Так или иначе, чутье подсказывало мне, что Дичок заговорит. У него не было клинической кататонии, махинаторы из Душилища установили это, прежде чем отослать его ко мне. Он без особой неохоты покинул свою кровать в доме и был скорее послушен, чем упрям. Единственная трудность заключалась в том, что ему, по всей видимости, приходилось, будто жертве временного паралича, заново учиться двигать конечностями. Действительно, в физическом смысле он являл собой настоящую развалину: крайнее истощение, скорее всего, приостановило его рост, и теперь внутренним органам требовалось время, чтобы как-то привыкнуть к пище, которой его пичкали с тех пор, как нашли. И он продолжал молчать. Может быть, голосовые связки и не отмерли, как мышечные ткани, но так же бездействовали. Его организм долгое время получал очень скудное питание – жалкие крохи из обильных отцовских запасов (в квартире обнаружились целые горы консервов), но ум питался только травмами прошлого; поистине пугающий пример расстройства от повторяющегося стресса – не физическая, а умственная проблема, которую порождает память, предоставленная себе самой без постороннего присутствия и стимула. Со временем, по мере того как голосовые связки Дичка слабели, его история, его травматическая история обрастала повторяющимися без конца деталями, выливаясь в тихую скороговорку, в град вымышленных подробностей; едва слышная жизнь просачивалась из головы в пустую комнату. А когда его забрали из дома и начали залечивать физические травмы, никто не мог ничего разобрать из его слов, безнадежно спутавшихся в бессвязный клекот. Как и в случае со Щелчком, если бы он был ребенком, его бы еще удостоили чего-то большего, нежели просто красной черты в досье логопеда; возможно, ему бы уделили достаточно внимания, чтобы вытянуть из него связный рассказ. Мне повезло, что никто не стал в этом усердствовать; махинаторы лишь отметили, что его непрерывное полубеззвучное бормотанье указывает на наличие психоза, однако, суетясь вокруг постели Дичка, они различали в его шепоте лишь звуки, но не слова. Мне же, когда я услышал об этом как раз перед его появлением в моем корпусе, он показался идеальным кандидатом для записи на пленку.

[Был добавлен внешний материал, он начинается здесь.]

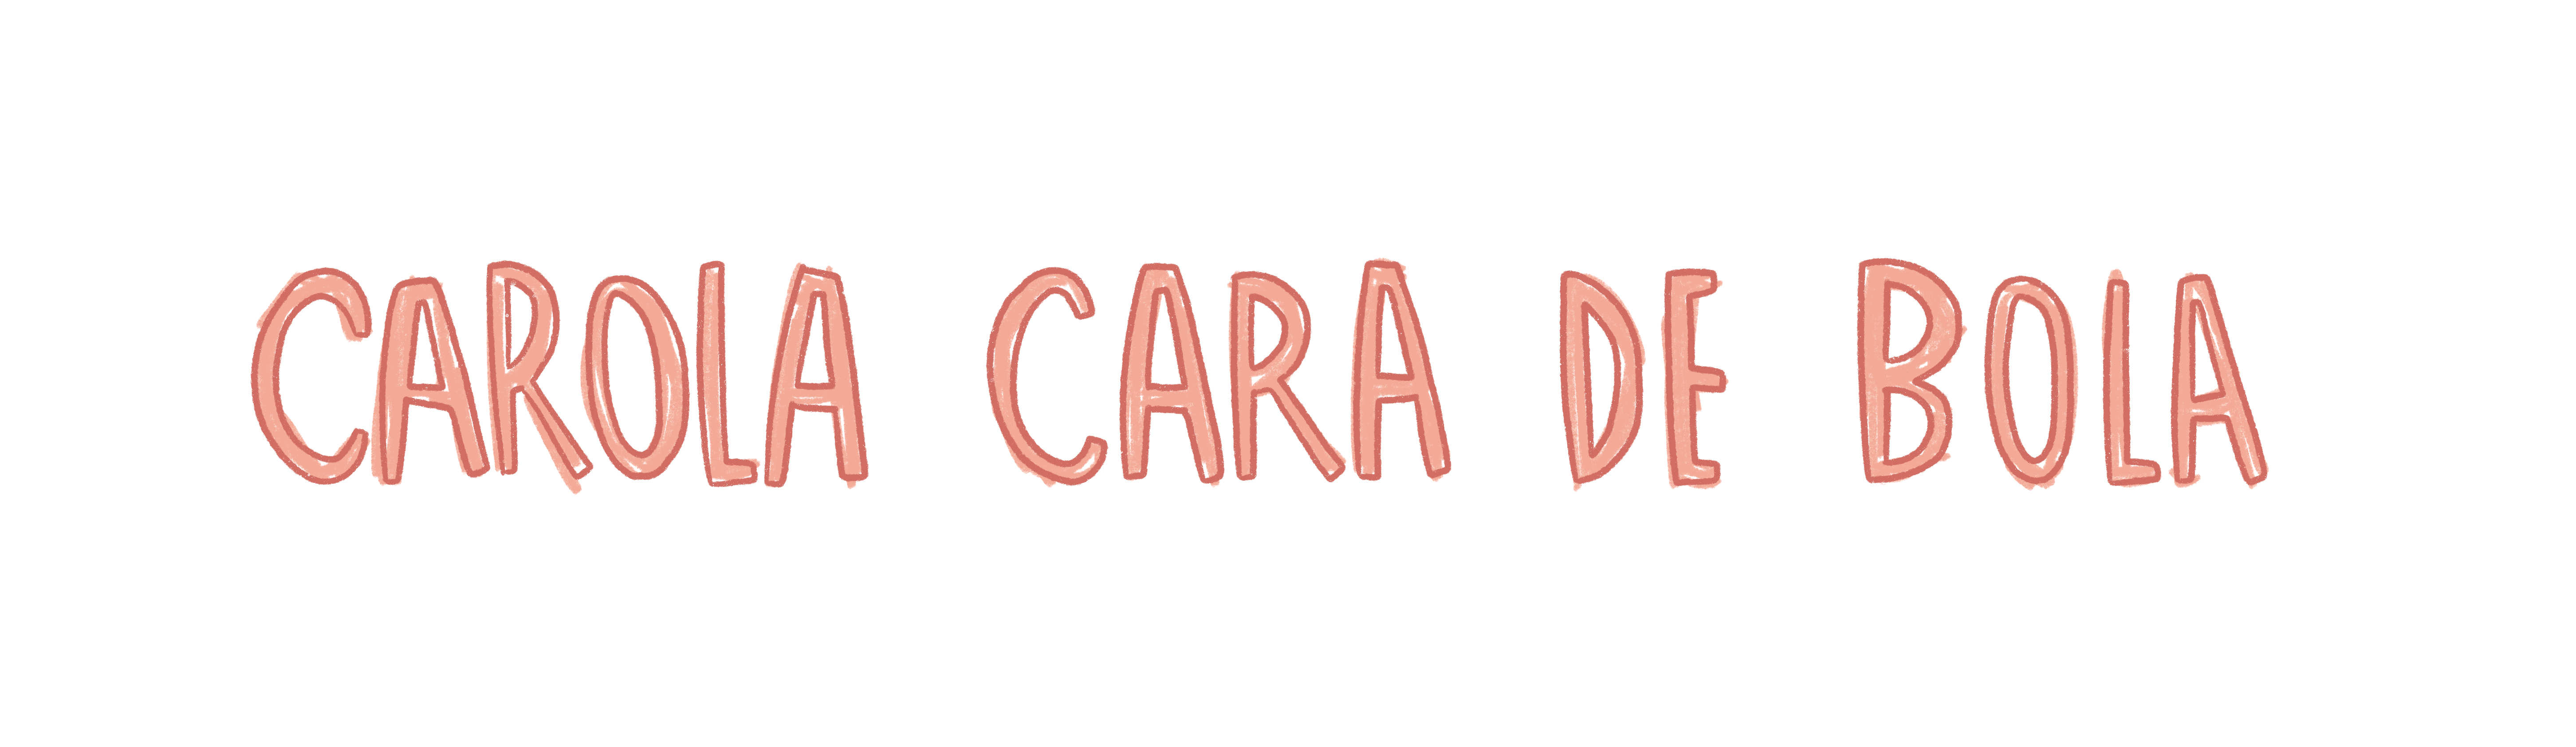 Carola_Cara_De_Bola (1)

Некоторые доброхоты, которых, по счастью, в психотерапии немного, наверное, сочли бы, что держать Дичка в столь спартанских условиях – излишняя жестокость. Но именно такие и подобные им люди как раз и не захотели понять – и уж тем более вылечить – Дичка. В лучшем случае они пытались окружить его всяческим теплом и уютом, ожидая, что, попав с жесткой койки на постель, выстланную гусиным пухом и любовью, он с легкостью переключится с суровой жизни на беззаботную… Я же, исходя из всей логики средотерапии, рассуждал так: раз он выбрался из-под такой лавины хлама, покинув квартиру, загроможденную вещами людей, которых он когда-то знал, то сейчас пока не время навязывать ему новые предметы, и, кроме того, по мере разворачивания его рассказа, я успею составить себе более ясное представление о том, какие именно предметы нужно поместить к нему в комнату, когда для этого настанет время. А время это, как говорится, почти настало.

В прошлом половина зала, которую теперь занимал Дичок, так же как и половина Щелчка, не раз меняла облик, становясь ареной различных постановок. Так, в отличие от суровых стен приемных кабинетов Душилища, скудное пространство Дичка некогда послужило отличным образцом моей ранней тактики, предшествовавшей моему нынешнему интересу к средотерапии, – а именно техники прямого погружения, или ТПП. Пока какой-нибудь психотерапевт в Душилище возился с избитым набором психологических приемов, с этим затасканным арсеналом, который пополняется с каждой новой причудой, с каждой новой мексиканской волной в педагогике – будь то регрессия, визуализация, телесная терапия и тому подобное, – меня куда больше занимал вопрос, как увязать историю пациента с той обстановкой, с тем местом, где разворачивались главные события этой истории. Конечно, все зависело от пациента. Для одной из первых пациенток, Мэри, зал превратился в кухню – полностью оборудованную, идеально обставленную кухню, которая пришлась бы по душе всякому любителю домашнего уюта.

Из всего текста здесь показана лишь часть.